Она почувствовала в этом необычном разговоре что-то… не больное, не пошлое, — что-то, идущее из сердца, к сердцу. Эти слова — «твоя Мэри, девочка твоя», — сказанные так горько-нежно, остались в ее сердце.
— Вы слушаете?.. Я вам отвечу… сейчас…
В ней не определилось, чего-то не хватало.

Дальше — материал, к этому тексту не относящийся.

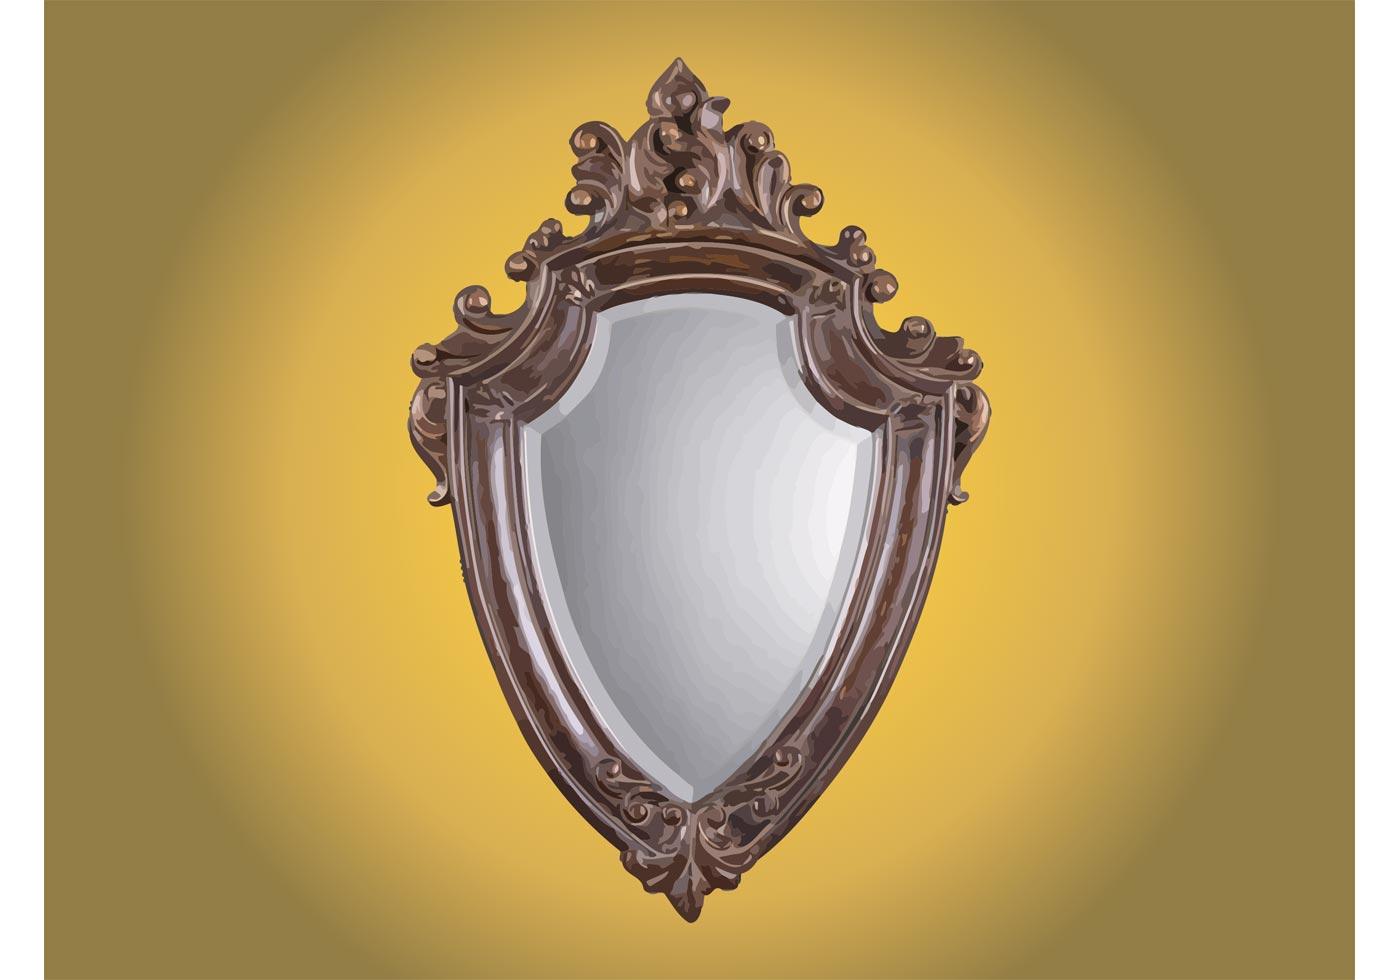 Gratis Espejo Antiguo Arte Vector - (2978 Descargas Gratis)

— Ах, да, кстати… — сказала она не прежним холодным тоном, чуть свысока, а своим голосом, домашним, точно говоривший был ей знаком, — вы послали мне белые цветы недавно, орхидеи… и в них… — почему-то она не захотела сказать — «веночек», — незабудки, и вырезано на плато «Свет во тьме». Мне сказали, что это вы. Меня это заинтересовало, — так это нешаблонно. И удивило, — что это значит? Что вы хотели этим…
— Выразить? Это объяснить и просто, и… непросто. Просто, это — от вас мне свет. Но это, я подчеркиваю это, н е комплимент, не… это очень сложно. Когда вы узнаете все, тогда вы все поймете, почему я так… Мне так легко с вами говорить. Вообще я не умею много говорить, и отвык я говорить теперь. Я вырос в лесах, мало общителен, такой характер. А с вами разговорил-ся, и мне легко. Простите, все о себе я… и сам себя ловлю на мысли: ну, какое дело до тебя, до твоего? Я чувствую, что вы сами отличнно поняли, что вы — свет, и — светите. Не принимайте это за лесть, слишком мне не до этого, поверьте. Но так я чувствую. Я весь свет объехал, все бросил… а света так и не увидел. И вот, где уж никак не ожидал, и — свет. В этом и главное, почему мне необходимо объясниться с вами… Простите, — не объясниться, а высказаться…
— Но вы же все объяснили, и я себе не представляю, почему вы ищете встречи со мной? Говорю вам совершенно откровенно, это для меня стеснительно, и… непонятно. Ну, прекрасно, я очень рада… песня наша дошла до сердца иностранца, что-то в нем всколыхнула… Потому и песни, чтобы до сердца доходило. Вот мы и объяснились. А дальше… очевидно, личное. Согласитесь, что я не в праве… Еще я вам должна сказать, что мои отношения с внешним ограничиваются моей семьей… помимо, конечно, выступлений в кабарэ, — и только.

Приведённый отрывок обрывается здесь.